After 2 months of pre-production, shooting started on 28 December 2000 with Ajith and Vasundhara Das, after the former completed the shooting for his previous film Dheena, which was also released in January 2001 during the Pongal festival, with Ravi K. Chandran as cinematographer who had replaced P. C. Sriram in the project. The location for the Athipatty scenes was an island situated on the outskirts of Chennai, and it took three hours for the team to travel from the city and then by boat to get there. A scene filmed at Rajaji Hall featured five thousand of Ajith's fans as extras. A song in the film was shot in Australia in March 2001, delaying the proposed release date of 1 May.

==Soundtrack==
The music was composed by Deva and all lyrics were penned by Vairamuthu.
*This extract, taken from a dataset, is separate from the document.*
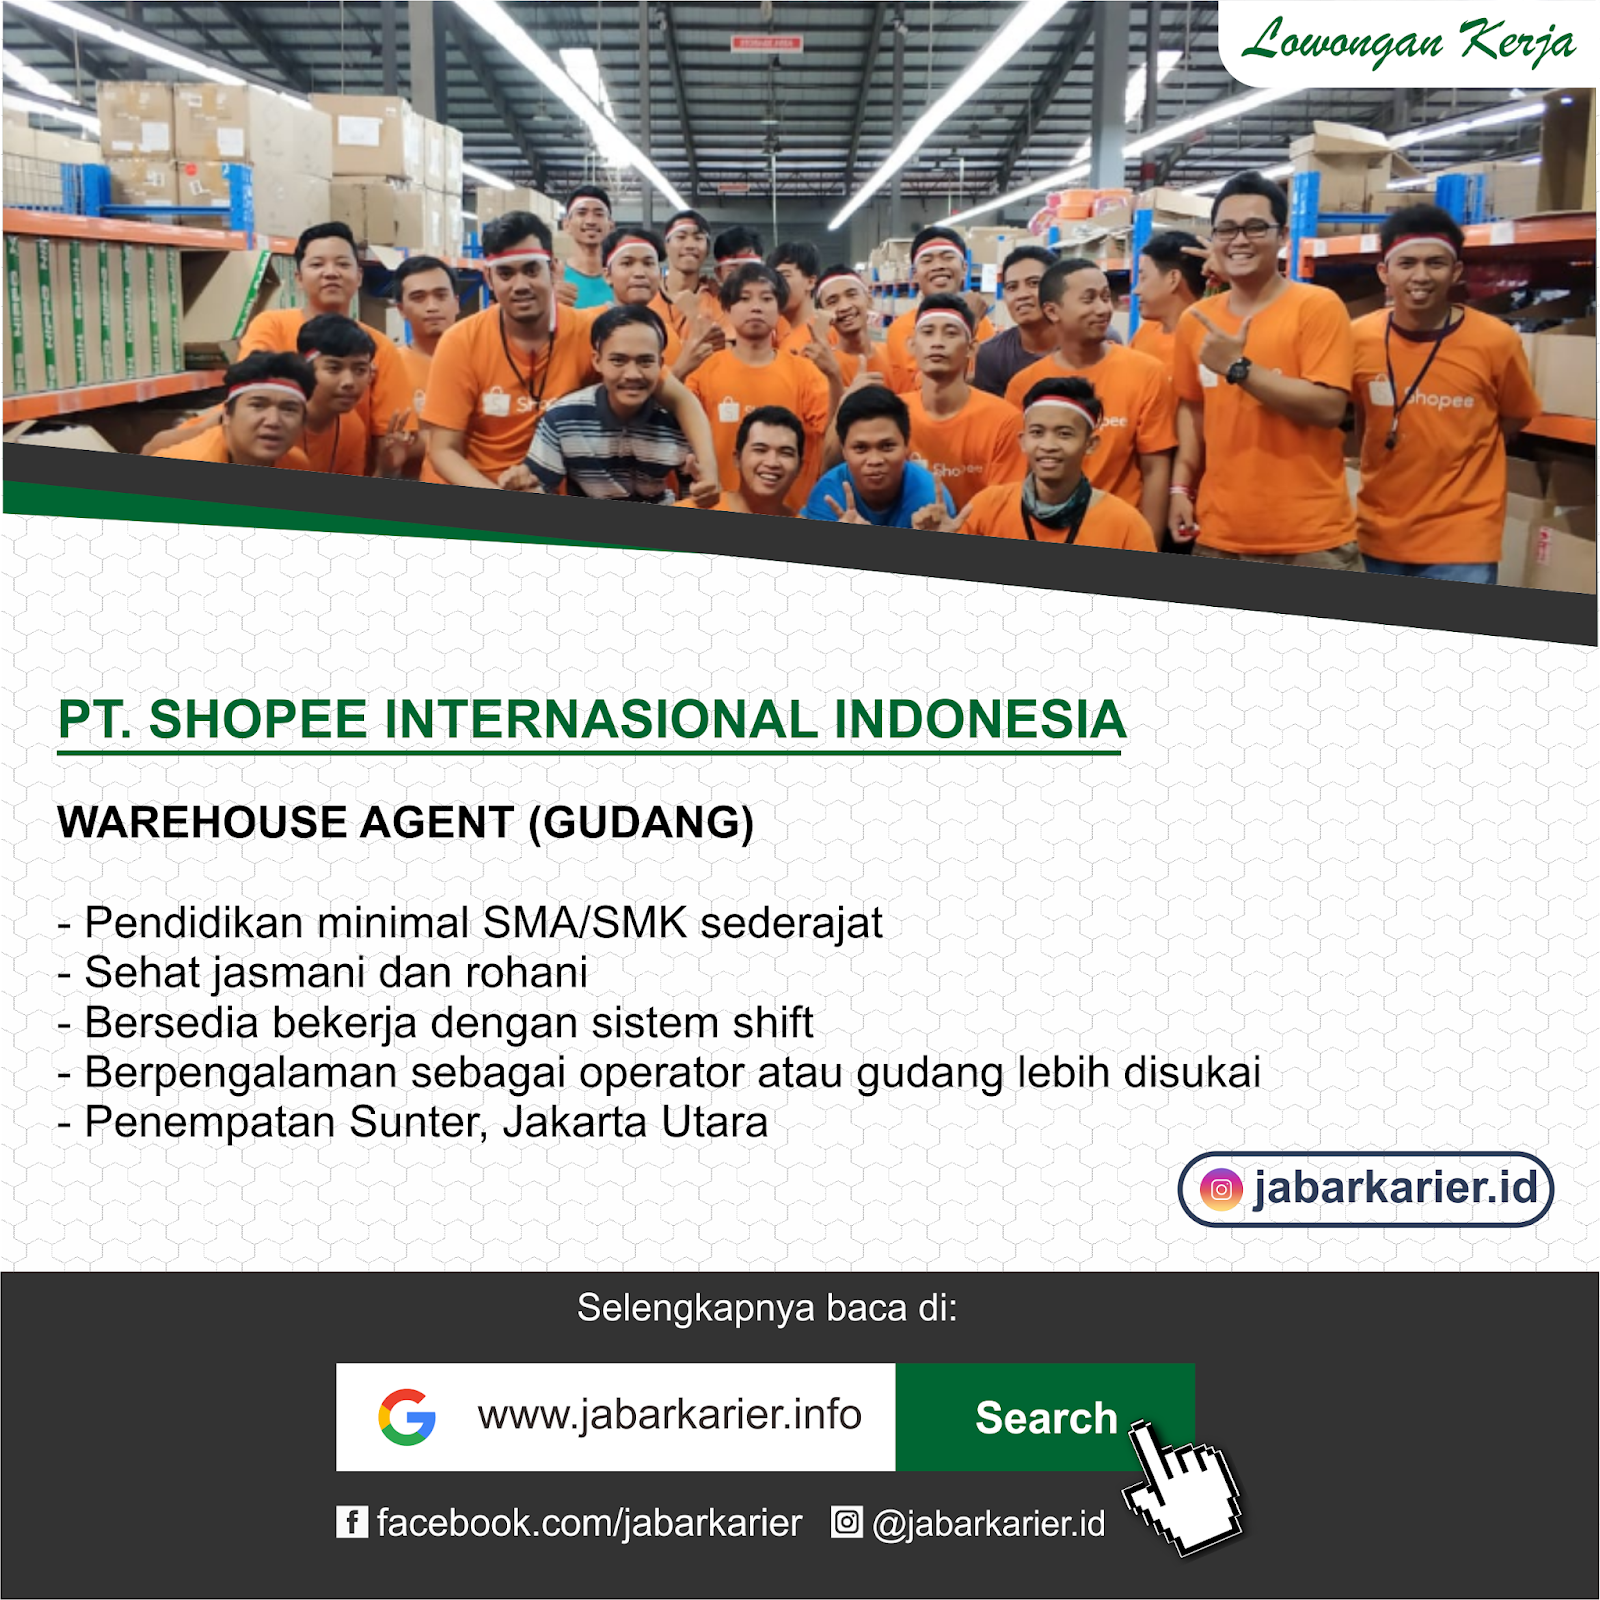 Loker Warehouse Agent Shopee Agustus 2019 Lowongan Kerja Terbaru Tahun 2020 Informasi Rekrutmen Cpns Pppk 2020
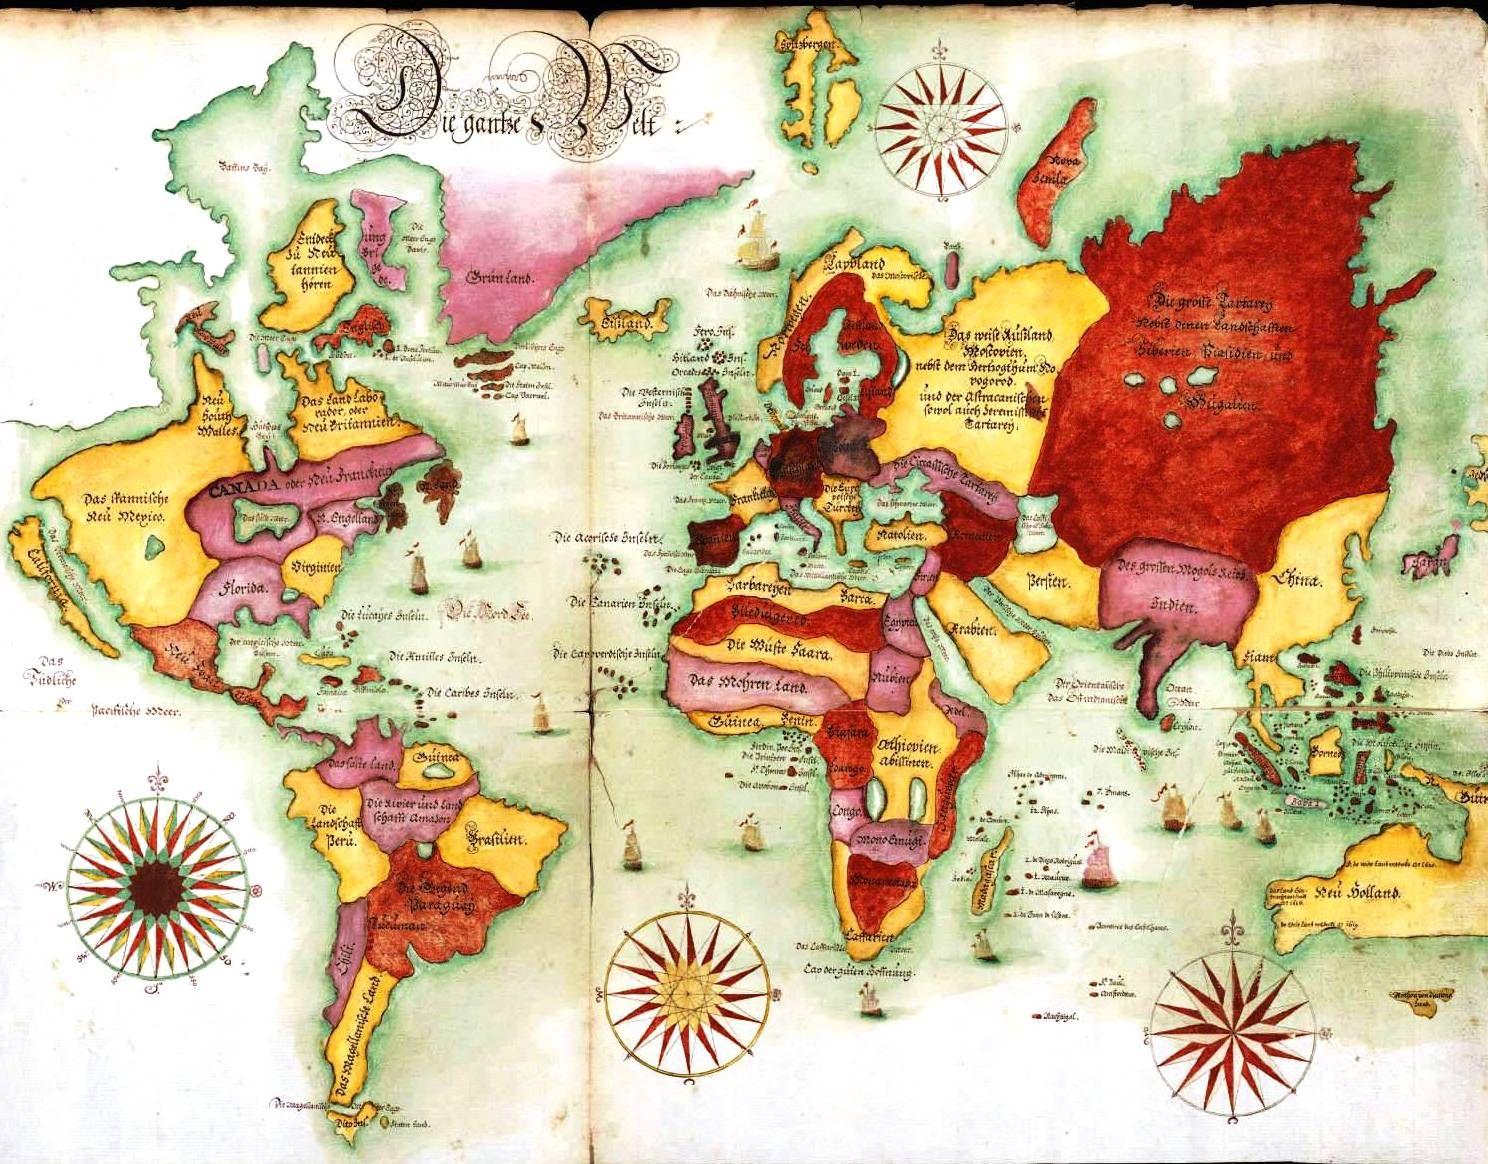 20 free vintage map printable images remodelaholic art 20 free vintage map printable images remodelaholic art printable maps gumiabroncs Image collections

The song "I Like You" is based on "I Feel Lonely" by German singer Sasha, and parts of "Pookara Pookara" were taken from "Take a Chance on Me" by the Swedish group ABBA. A Swamy of Indiainfo wrote, "This Ajith starrer has some good foot beating notes but sadly they are all lifts and blatant".

Track listing
| No. | Title | Singer(s) | Length |
|---|---|---|---|
| 1. | "Australia Desam" | Hariharan, Harini | 6:46 |
| 2. | "Merkey Vidhaitha" | Tippu | 6:13 |
| 3. | "Pookara Pookara" | Shankar Mahadevan, Vasundhara Das | 6:20 |
| 4. | "Chikkimukki Kallu" | Shankar Mahadevan, Sadhana Sargam | 6:51 |
| 5. | "I Like You" | Vasundhara Das | 6:53 |
| 6. | "Merkey Vidhaitha Sooriyaney" | Shankar Mahadevan | 6:13 |
| Total length: |  |  | 39:17 |

==Reception==
Malathi Rangarajan from The Hindu labelled Citizen a "definite milestone in Ajit's acting career". Visual Dasan of Kalki wrote that Ajith's dream of trying out makeup techniques has come true but the director's celluloid dream is not valid due to weak screenplay and tense direction. The film was dubbed in Telugu under the same title and released on 28 December 2001. Reviewing this version, Gudipoodi Srihari of The Hindu wrote, "A well-made film, thanks to director Subbaih, its Tamil original was a big hit. The Telugu dubbing is equally interesting, supported by good dialogues".